The T-cell subsets in PB of patients with RA infected with B19V were investigated in this study. Our results show that B19+ patients with RA in comparison with those who were B19− and B19+ and B19− controls had significantly higher percentages of CD25low and CD25hi T-cells among PB CD4+CD45RA− and CD4+CD45RA− cells. Likewise, the percentage of CD25+ cells was increased in CD8+CD45RA+ and CD8+CD45RA− subsets in B19+ patients with RA. According to the literature data, CD4+CD45+CD25+ (populations II and III in Figure 1b) T-cells have low expressing offorkhead box P3 (FOXP3) and are naïve/resting CD4 T-regulatory (suppressive) cells (Tregs) (13, 14). CD4+CD45RA−CD25hi cells (population VI) are FOXP3hi effector/activated/memory Treg cells with suppressive capability and CD4+CD45RA−CD25low cells (population V) are FOXP3low cytokine-secreting non-suppressive T-cells (Teffs) (13, 14). CD8+CD25+ T-cells express FOXP3 and according to the literature data (15) are suppressive. Thus, B19+ patients with RA had increased percentages of naïve and memory CD4+ and CD8+ T-cells. Although the percentage of Teffs was also increased in B19+ patients with RA, the ratio of activated CD25hiCD45RA−CD4+ Tregs and Teffs was higher in B19+ patients with RA (data not shown). Van der Geest et al. showed that aging disturbs the balance between effector and regulatory CD4+ T-cells. It was shown that the Treg/Teff ratio is increased in the memory CD4+ T-cell compartment of aged individuals when compared to that of young individuals (16). We did not observe correlation between this ratio and age in the groups of our patients with RA and controls, most likely because there were no very young people in the groups (data not shown).
Peripheral blood partioning of T-cells from parvovirus B19 (B19) DNA-positive and -negative patients with rheumatoid arthritis (RA) and healthy persons (contr.) by immunolabeling. Peripheral blood mononuclear cells were stained with CD4-fluorescein-, CD8-phycoerythrin-, CD45RA-peridinin chlorophyll protein (PerCP)- and CD25-allophycocyanin (APC)-conjugated antibodies. CD4+ cells were gated from CD4/CD8 cell sorting. A: The percentage of CD4+ T-cells was calculated from lymphocytes. CD4+ T-cells were analyzed further according to CD45RA and CD25 markers. B: Representative dot plot showing the different subpopulations of cells. C: The percentages of subpopulations I, II and III were calculated from total CD4+CD45RA+ (sum of I, II and III), the percentages of subpopulations IV, V and VI were calculated from total CD4+CD45RA− (sum of IV, V and VI). Significantly different at **p<0.005, and ***p<0.0005 according to Mann-Whitney U-test.

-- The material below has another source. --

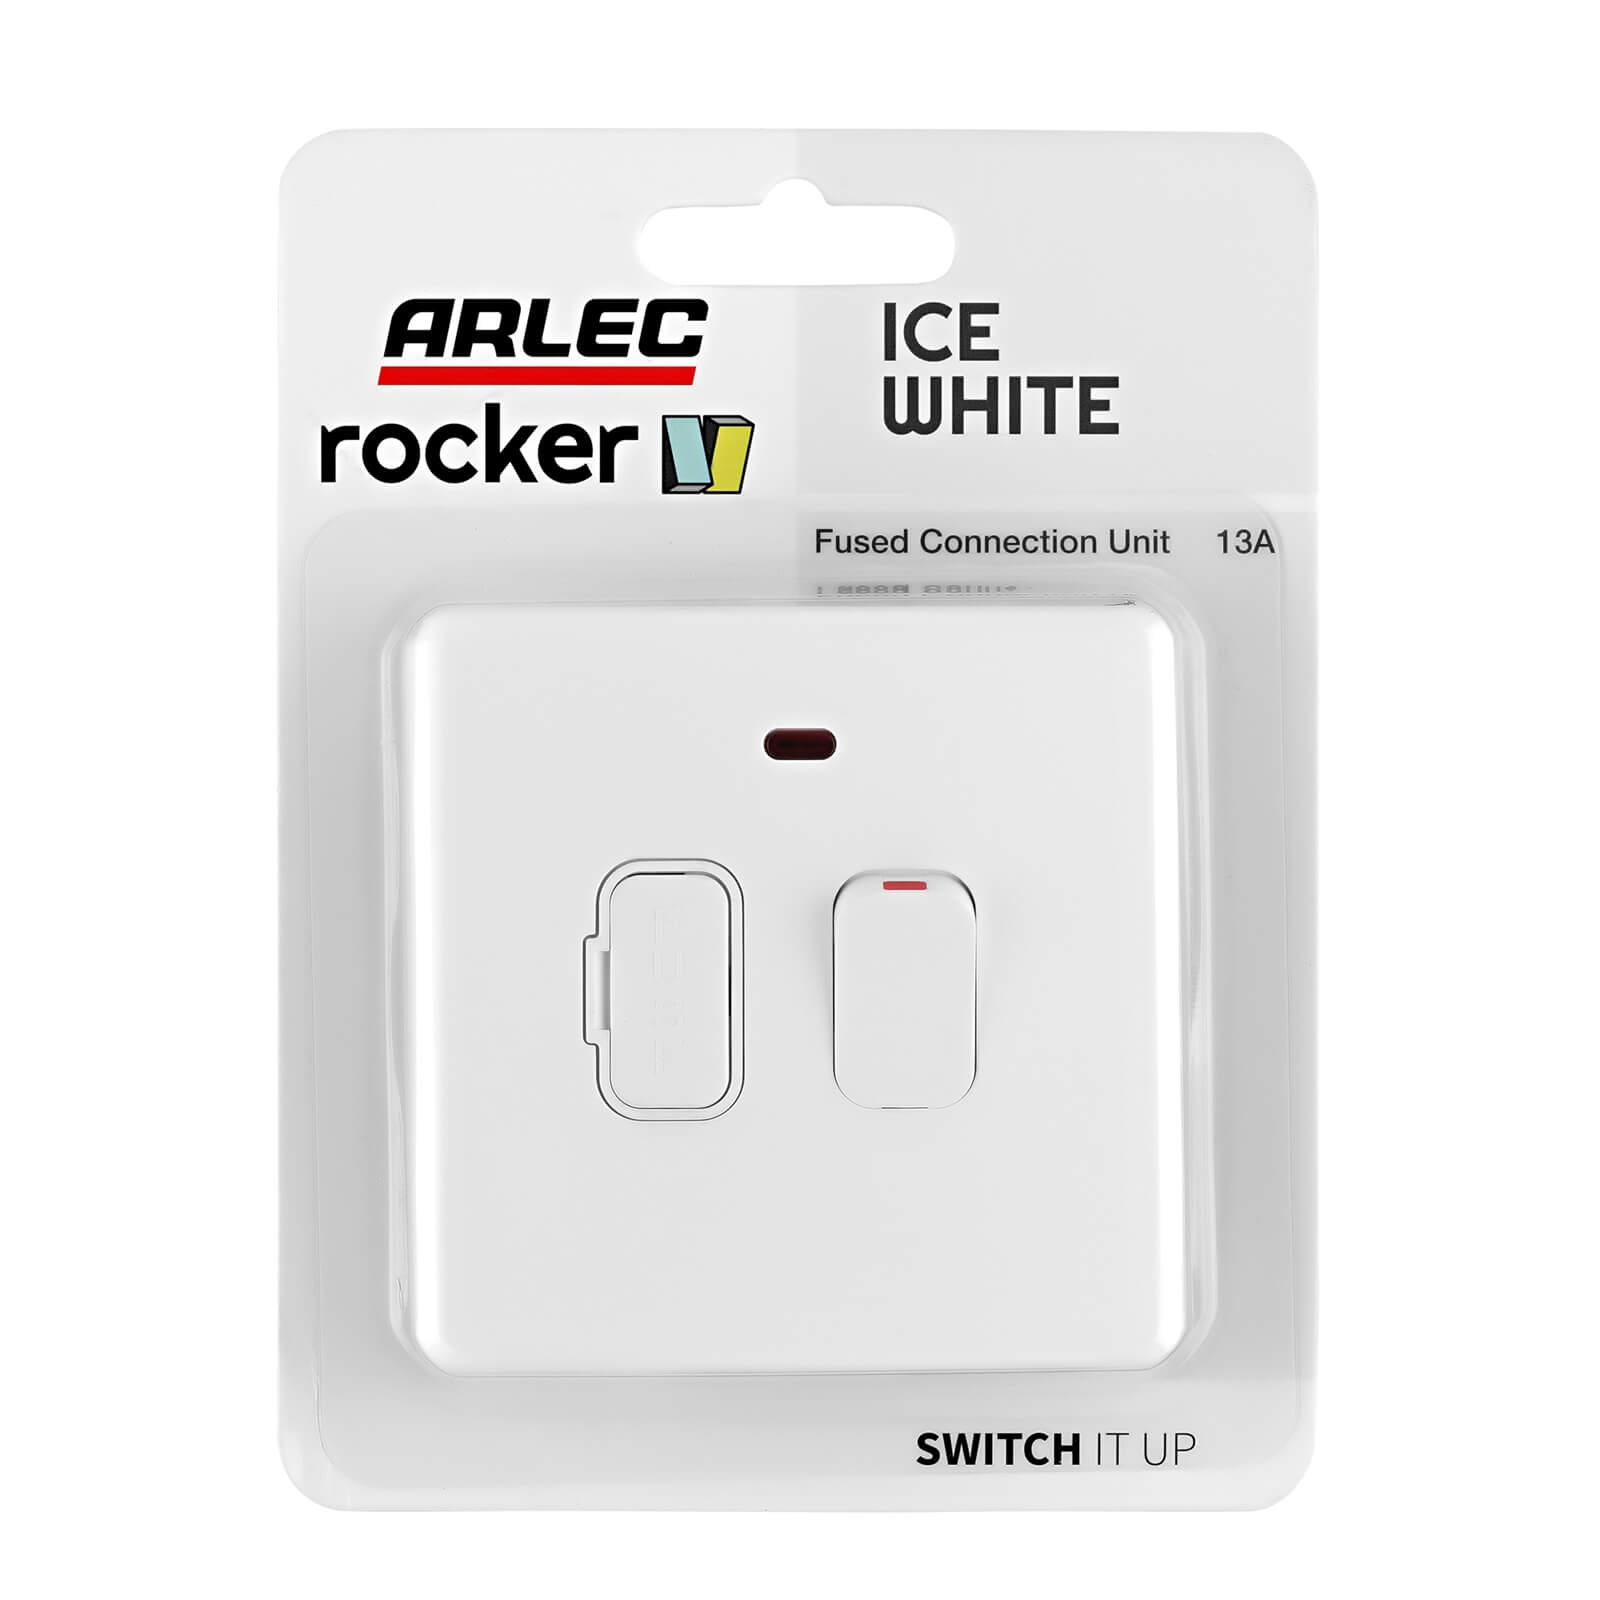 Arlec Rocker  13A Ice White Switched Fused connection unit

Tregs play crucial roles in autoimmune diseases, but we did not observe significant differences in the percentage of Tregs in B19− patients with RA and controls. Literature data show that CD4+CD25+ Treg counts in patients with RA vary from study to study: compared to the healthy controls, the percentage of CD4+ Tregs in PB from patients with RA was found to be decreased (17, 18), not different (19) or to be reduced in the active stage of RA but not in remission (20).
Eight out of nine B19+ controls (88.9%) had persistent B19V infection in latent phase, when six out of 27 (22.2%) of B19+ patients with RA have persistent infection in latent phase and 19 out of 27 (70.4%) had persistent infection in active phase. Nevertheless B19+RA patients independently on infection activity phase have increased CD25low and CD25hi subpopulations (data not shown). CD4+CD25+ and CD8+CD25+ regulatory T-cells regulate immune responses to pathogens. Increased numbers of naïve and activated Tregs in B19+ patients with RA can cause an inability to properly control the host inflammatory response and can lead to T-cell exhaustion, and viral persistence. Increased numbers of Tregs during some viral infections have been shown previously: CD4+FOXP3+ cells were increased during human T-lymphotropic virus type I (21) and Epstein–Barr virus (22) infections. Patients with acute and chronic hepatitis C (23, 24) or hepatitis B virus infection (25, 26) were found to have a higher CD4+CD25+ Treg frequency and function in their PB than healthy controls.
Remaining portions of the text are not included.